Iwouldnt use side reins, the sudden sock in the gob could be enough to make him rear? and theres no way of quick relising them if he does get a fright and reasct to them. 

How about going back to a snaffle and using draw reins. it soundlike he always go the same way s maybe do a few hacks with him bending the opposite way also? any thing to help you block the spin.


----------



## Pearlsasinger (11 July 2010)

I can recommend a PeeWee bit for this very problem.  Mine stopped a 17hh Clydie who could set her neck from turning when I didn't want her to, has taught a big warmblood to turn when asked and is currently stopping an IDx from turning when she sees a large tractor.  The  advantage is that you just ride with your normal tack, no faffing around with draw/side reins, the bit is relatively mild, so the horse is unlikely to react badly to it, and if you want to turn until the horse is dizzy, you can, very easily, without pulling the bit through the mouth.


----------



## Sol (11 July 2010)

Pearlsasinger - he's had the PeeWee in before..... not entirely sure if I trust it that much (though it HAS solved a lot of my problems before!) but may give it a go  Shall see how he behaves in all other respects for a while..... I think!

Thanks everyone for all your replies - I'm too tired to reply individually now  (And I only lunged the horse just now! That's bad... ) but have read all your ideas  I'll probably give him a few days of schooling etc and try a short hack after a schooling session later this week with another horse and see how we get on! Hopefully it'll be less disasterous  Thanks again!


----------



## intouch (11 July 2010)

Maybe try teaching him the one rein stop.  You can find out about it on google.  Basically its similar to what whoopit said.  If you teach him to bend  to a stop, when he spins or tries to, instead of stopping it, make him bend.  If his head is right round, he wont be able to run off in another direction.  Eventually he should get bored of circling so it may be worth trying.


----------



## Sol (11 July 2010)

*runs off to search google*
thanks


----------



## fatponee (11 July 2010)

Just out of interest, does he spin/nap if you hack out with other horses?  Would it be worth hacking out with a friend for a while, just so you can start to feel a bit more confident with him?

I have been stuck in the middle of the road MANY times before...vvv embarassing!  Keep working at your hacking and you'll have a breakthrough eventually!


----------



## Sol (11 July 2010)

Yep, he will still do it in company :/ It is slightly better, but not much, and worse if the other horse reacts in any way. 

Thanks, I suppose it doesn't help that I don't hack very often (once a fortnight at most maybe? ) so he never really gets used to it. Must start doing short hacks after schooling!!


----------



## Bowen4Horses (11 July 2010)

okay, i'm thinking this up as a i type and i;ve had a bit too much Pimms so it may not make the most sense...

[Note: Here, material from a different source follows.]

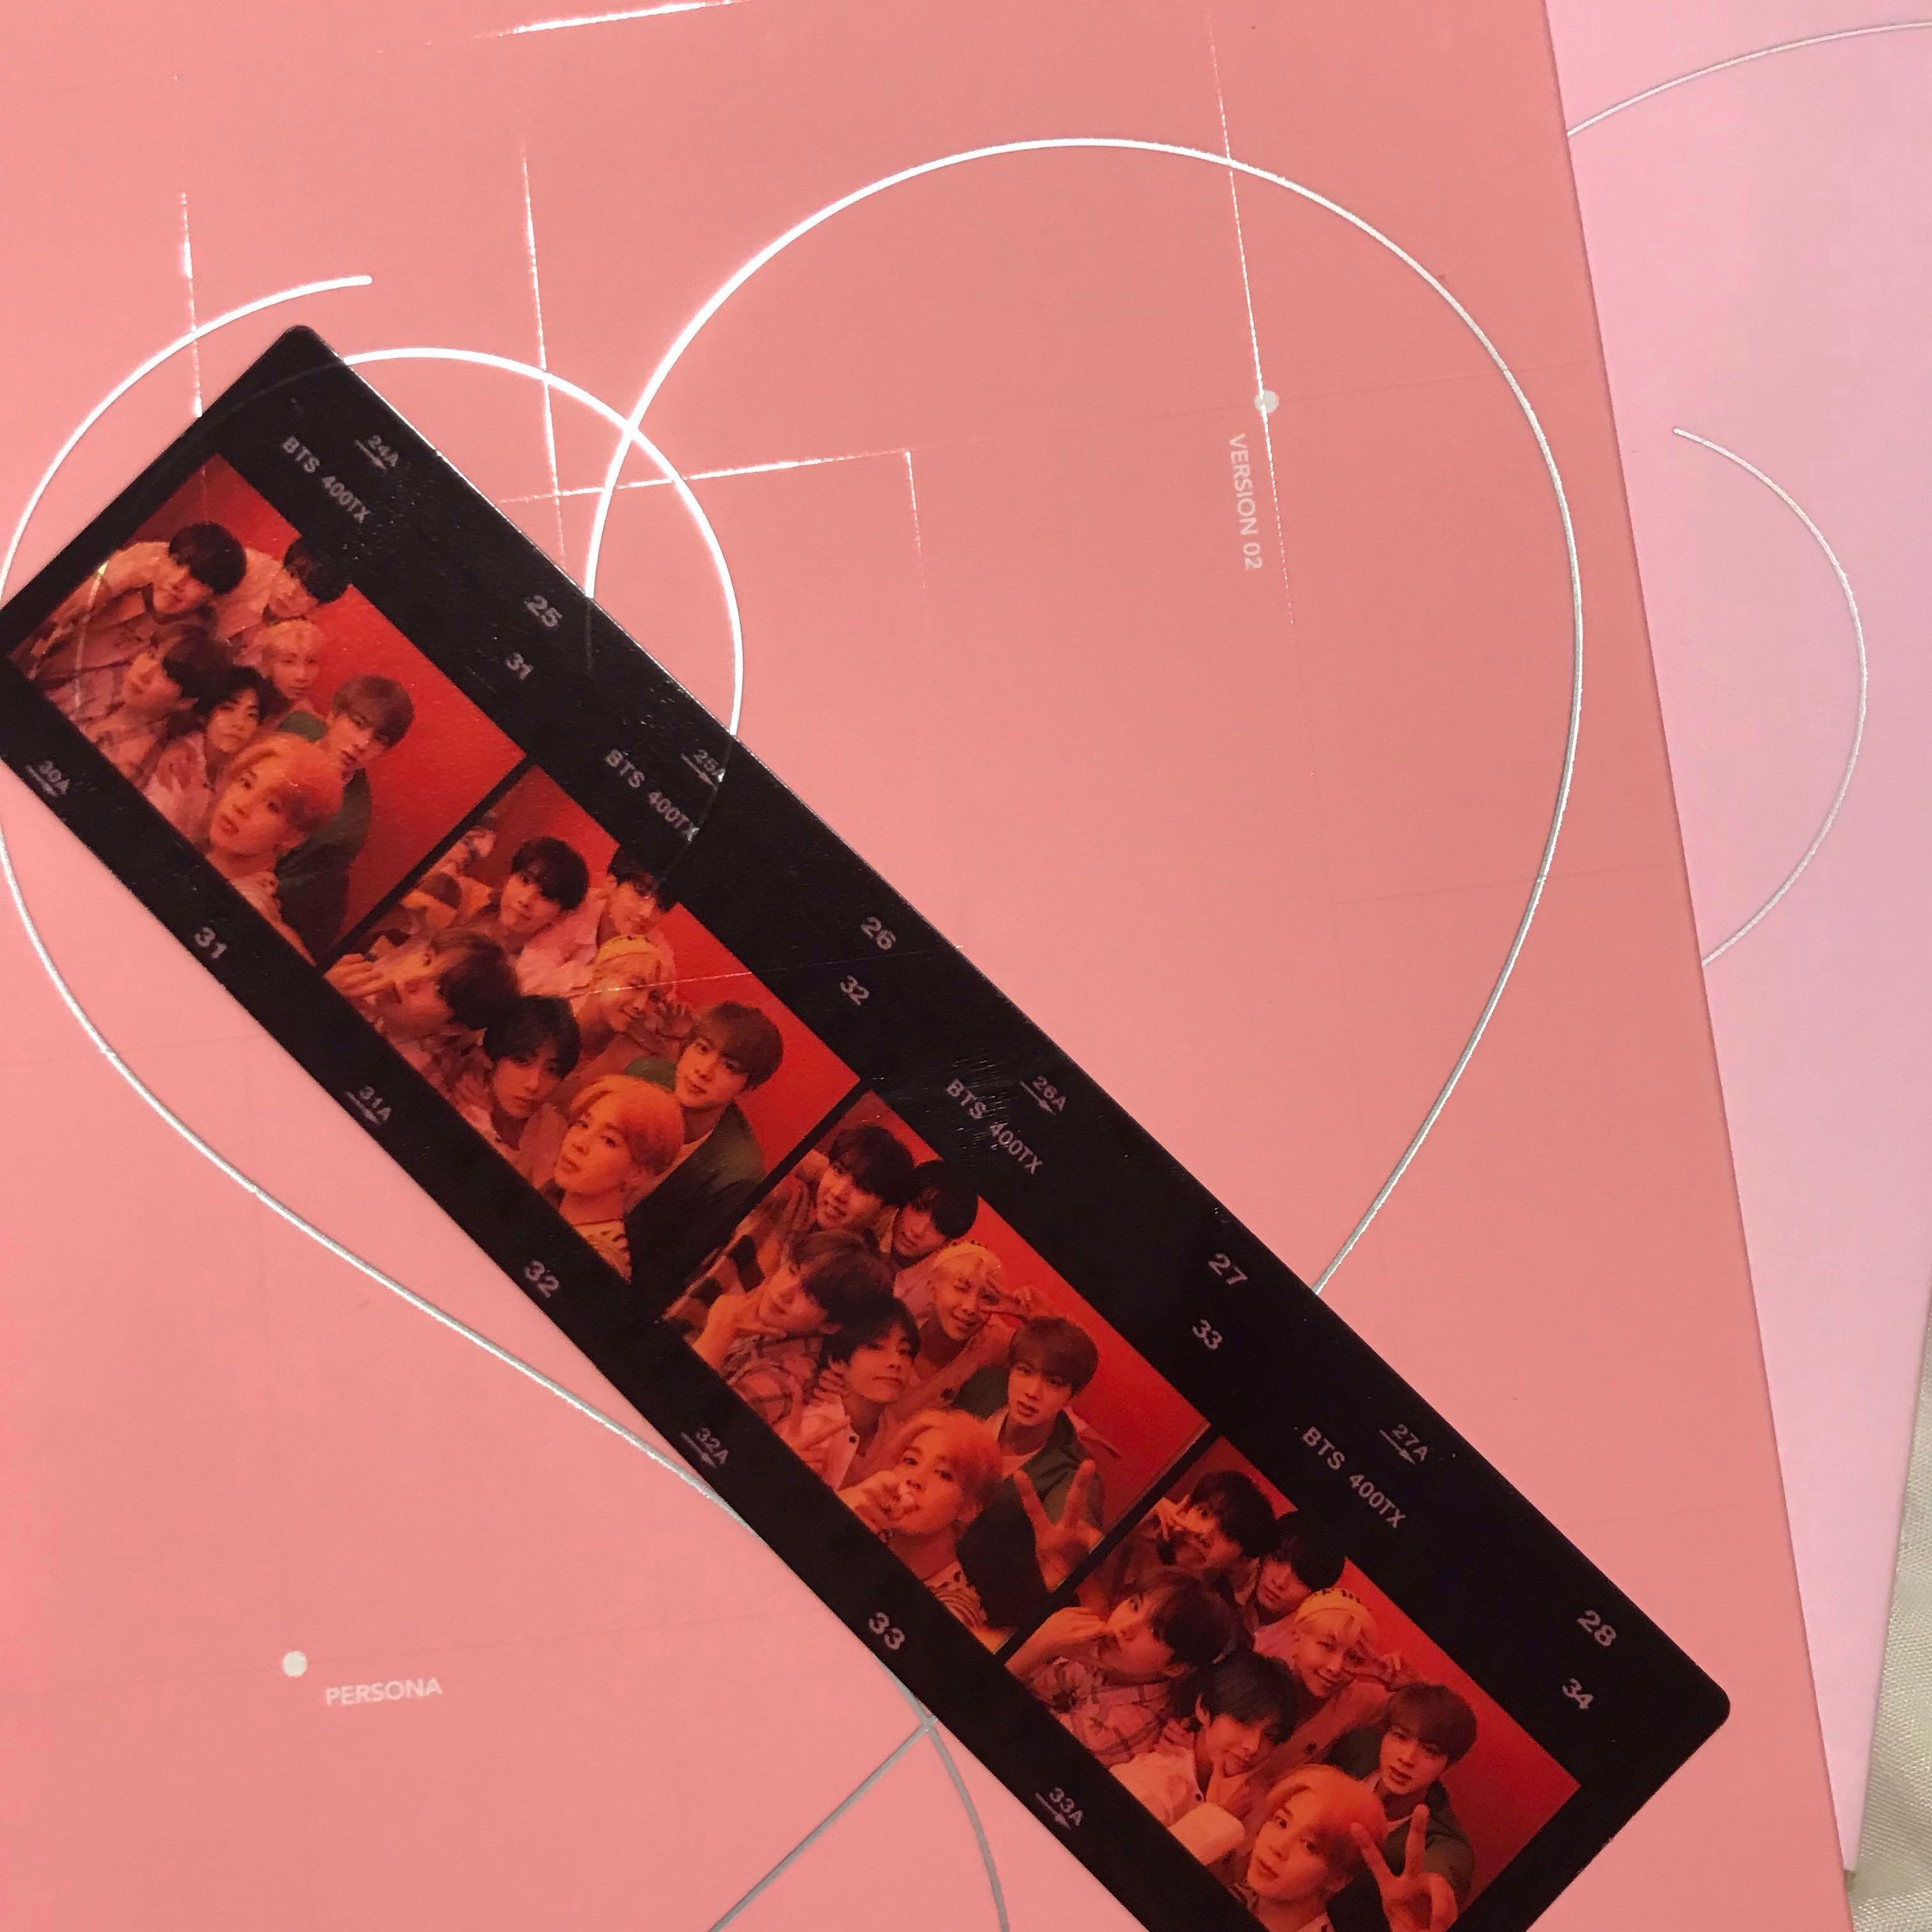 BTS PERSONA Film Strip

could you try using his 'evasion' against him? kind of take the position of power away from him? eg, as soon as you get on board, spin him around the way he likes to spin. hack down the road, stop, make him spin round a few times. carry on. etc? so he doesn't think spinning is 'his' trick. but you can actually make him do it on command? 

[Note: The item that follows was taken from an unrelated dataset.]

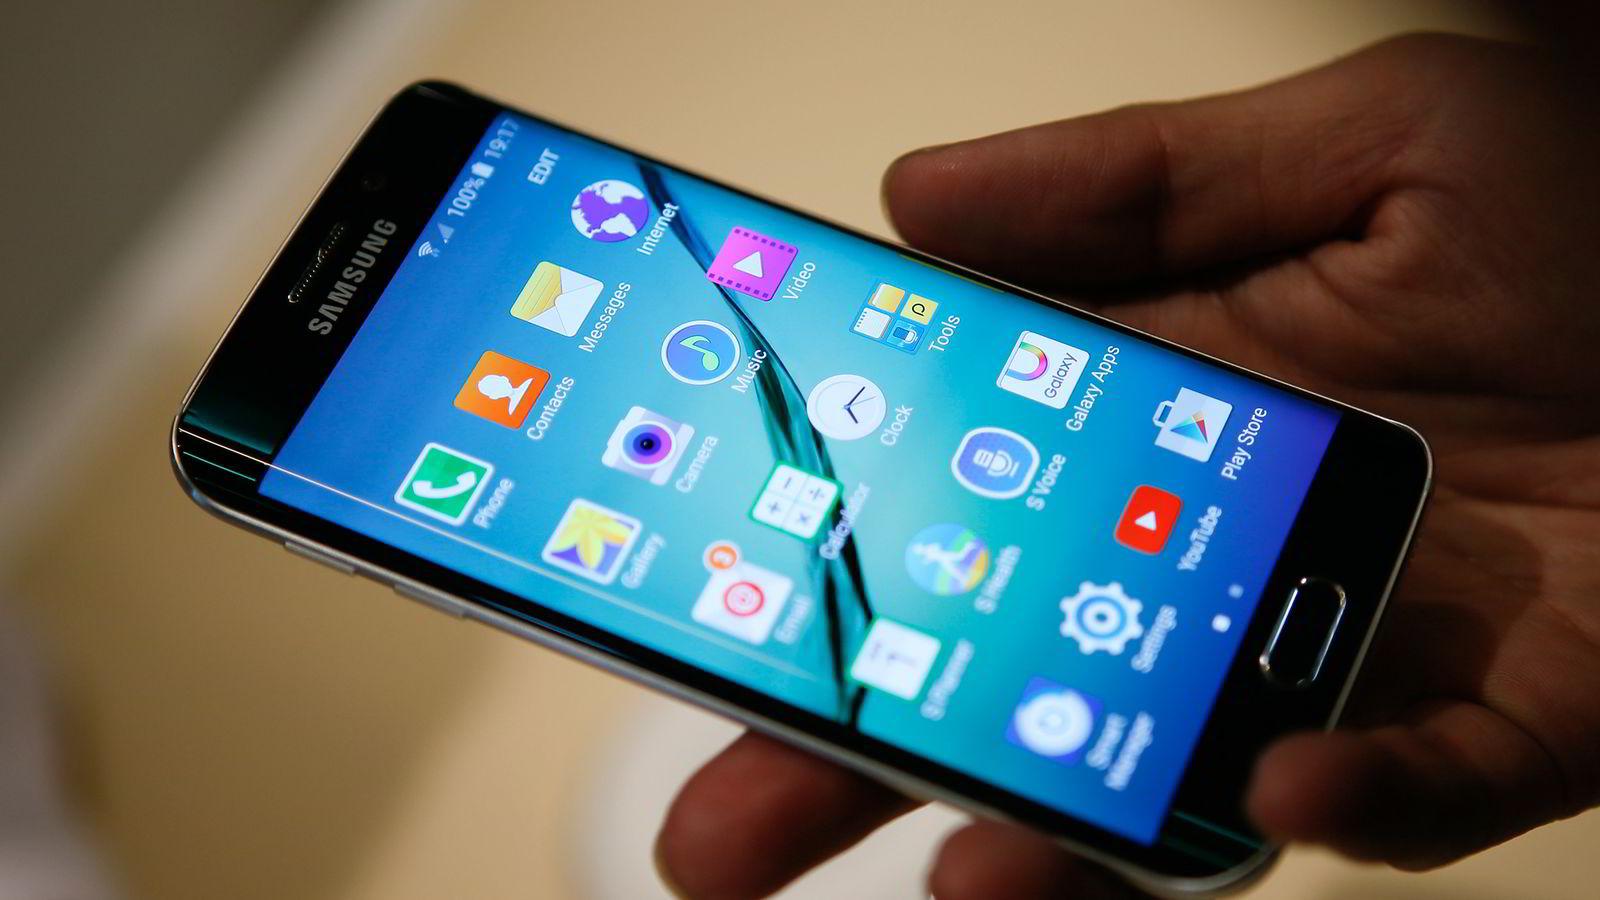 Barcelona, 1. mars 2015: Samsung Galaxy S6 edge kan erstatte betalingskort med magnetstripe slik at man kan betale med mobilen også i eldre betalingsterminaler. Foto: Albert Gea / NTB Scanpix

does that make sense? if not, blame the pimms.


----------



## Luci07 (11 July 2010)

Mine has always done this but I could laugh it off and sit it out - I should not have ignored it because now he has got a whole lot quicker and I have come off twice on hacks recently - the last time he had absolutely no flaming excuse as he was being walked out, in company, to cool off after jumping. A car came towards us (like he hasn't seen those before) and about oh, speeding say 6 mph? (private road). Git dumped me on a concrete road and then started grazing.

In my case I can't allow him to have a loose rein and nice stretch on the way home at all now, as he takes the pee and I am currently hacking him out in draw reins. I honestly don't care if I get shot down in flames for this crime - in this instance, my horse is just taking the p**s and there is nothing funny in having a horse dump you on the road! He will get over it - walked him out after jumping yesterday to cool him down but had to "ride him up" the whole way round. He did try to whip round when he saw 2 motorbikes but didn't have a lot of say as was in full jumping gear.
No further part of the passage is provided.